Читать «Августовский рассвет (сборник)» онлайн - страница 49

Теодор Константин

Он, Сильвиу Бобоча, узнавал, что говорят люди об их семье, подслушивая болтовню слуг или подкупая конфетами кого-нибудь из своих сверстников.

С раннего детства у него были две страсти: сладости и болезненное любопытство. То, что ему удавалось выведать, он держал при себе, никому не передавал услышанное и не питал вражды к тем, кто плохо говорил о его родителях. Его удовлетворял сам факт, что ему удалось узнать. Никто не мог превзойти его в умении подслушивать у дверей или незаметно подкрадываться к людям, чтобы послушать, о чем они говорят, а потом так же незаметно исчезать. Он всегда мог вытянуть из других то, что его интересовало.

Поэтому в школе его не любили ни ученики, ни учителя. Его прозвали Жавером и старались держаться от него подальше. Позже, угадывая в нем холодную, расчетливую натуру, неспособную на настоящую страсть, женщины не тосковали по нему, хотя внешность у него была более чем приятная.

На фронт он попал из-за желания отличиться. Зная, что никто его не любит и что он не обладает ни одним из тех качеств, которые позволили бы ему завоевать если не любовь, то хотя бы уважение себе подобных, он поставил перед собой цель заставить окружающих признать себя благодаря высоким наградам, — например, ордену Михая Храброго.

Может, если бы родители хоть немного любили его, они даже вопреки его воле избавили бы его от передовой. Его сестре Иляне достаточно было шевельнуть пальцем — и его немедленно отправили бы в тыл, в штаб какой-нибудь дивизии или еще дальше, в штабы запасных частей. Он, однако, не просил их об этом, а тем и в голову не пришло походатайствовать за него.
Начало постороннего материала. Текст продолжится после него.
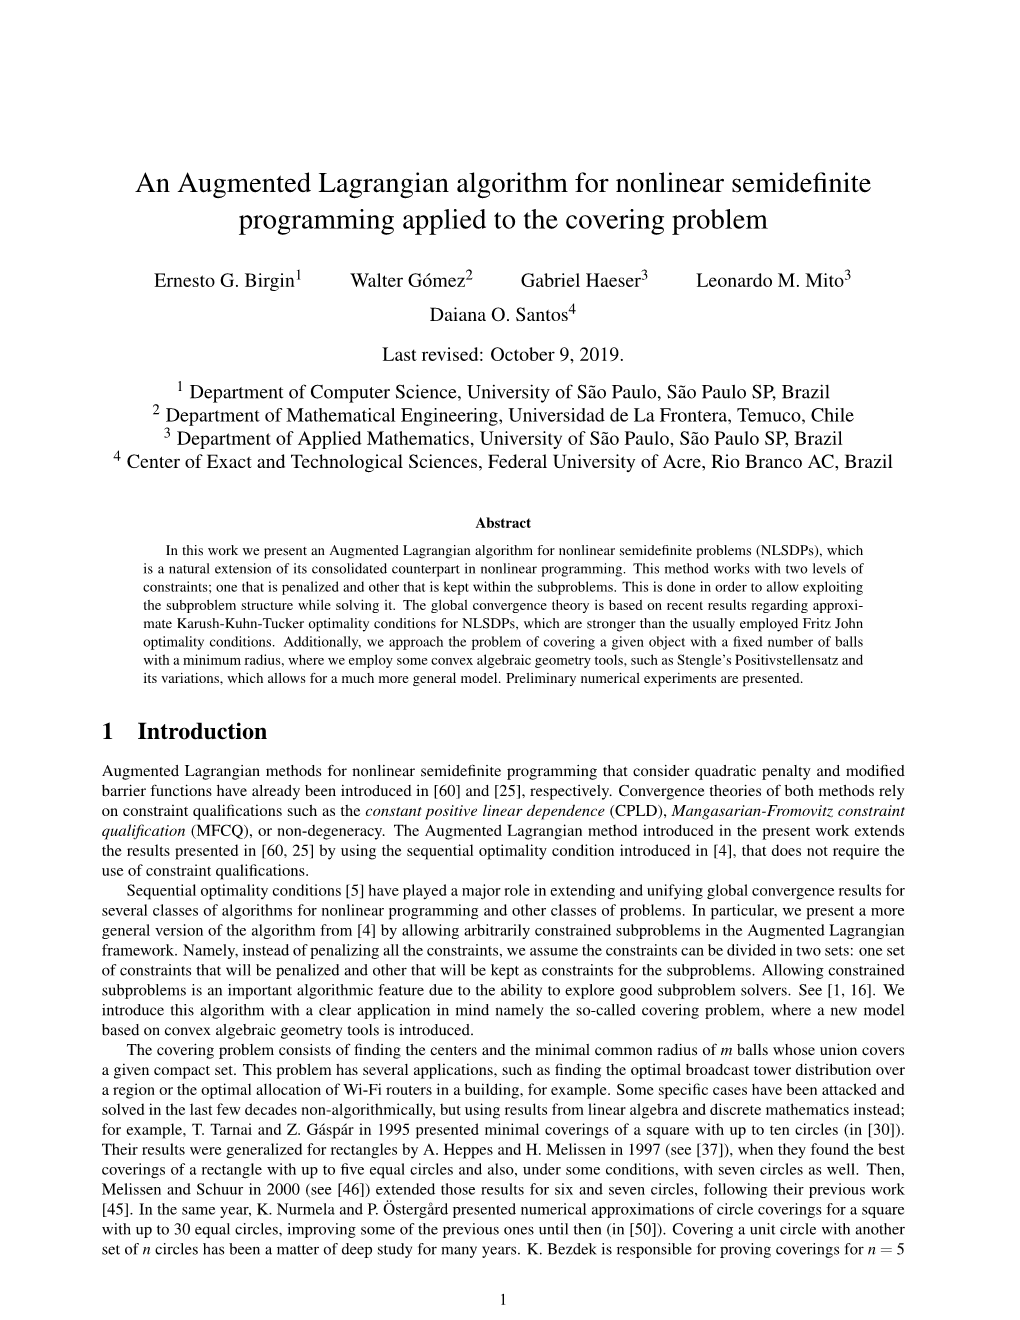 An Augmented Lagrangian Algorithm for Nonlinear Semidefinite Programming Applied to the Covering Problem

Его стремление добиться ордена Михая Храброго, впрочем, питалось убеждением, что война долго не продлится. Он был уверен, что за несколько месяцев мощная немецкая военная машина нанесет советским войскам такие удары, что те будут вынуждены безоговорочно капитулировать. С другой стороны, он рассчитывал (в дальнейшем он убедился в ошибочности этих расчетов), что участие румынской армии в войне на Востоке будет чисто символическим. В подобных благоприятных, по его мнению, условиях получить Михая Храброго даже с риском заработать какое-нибудь ранение было не очень-то высокой жертвой.

Но когда, рассуждая так, он решил отправиться на фронт, он еще не знал одну существенную черту своего характера, а именно — что он был трусом. Только на фронте он осознал это, что и было первым разочарованием. Вскоре последовало и другое. Через несколько недель он убедился, что присутствие армии Антонеску на фронте было далеко не символическим, как он надеялся, и что «молниеносная война» становится длительной и невероятно кровавой.

По этим причинам его энтузиазм быстро угас и уступил место страху, беспредельному, жуткому страху, что он может погибнуть от пули или быть разнесенным на куски снарядом.

Будь лейтенант Бобоча иным, он, сделав такое открытие, непременно обратился бы к своим, чтобы они любой ценой вызволили его с передовой. Но он не сделал этого, и не сделал потому, что помешала ему его безграничная, необузданная гордыня.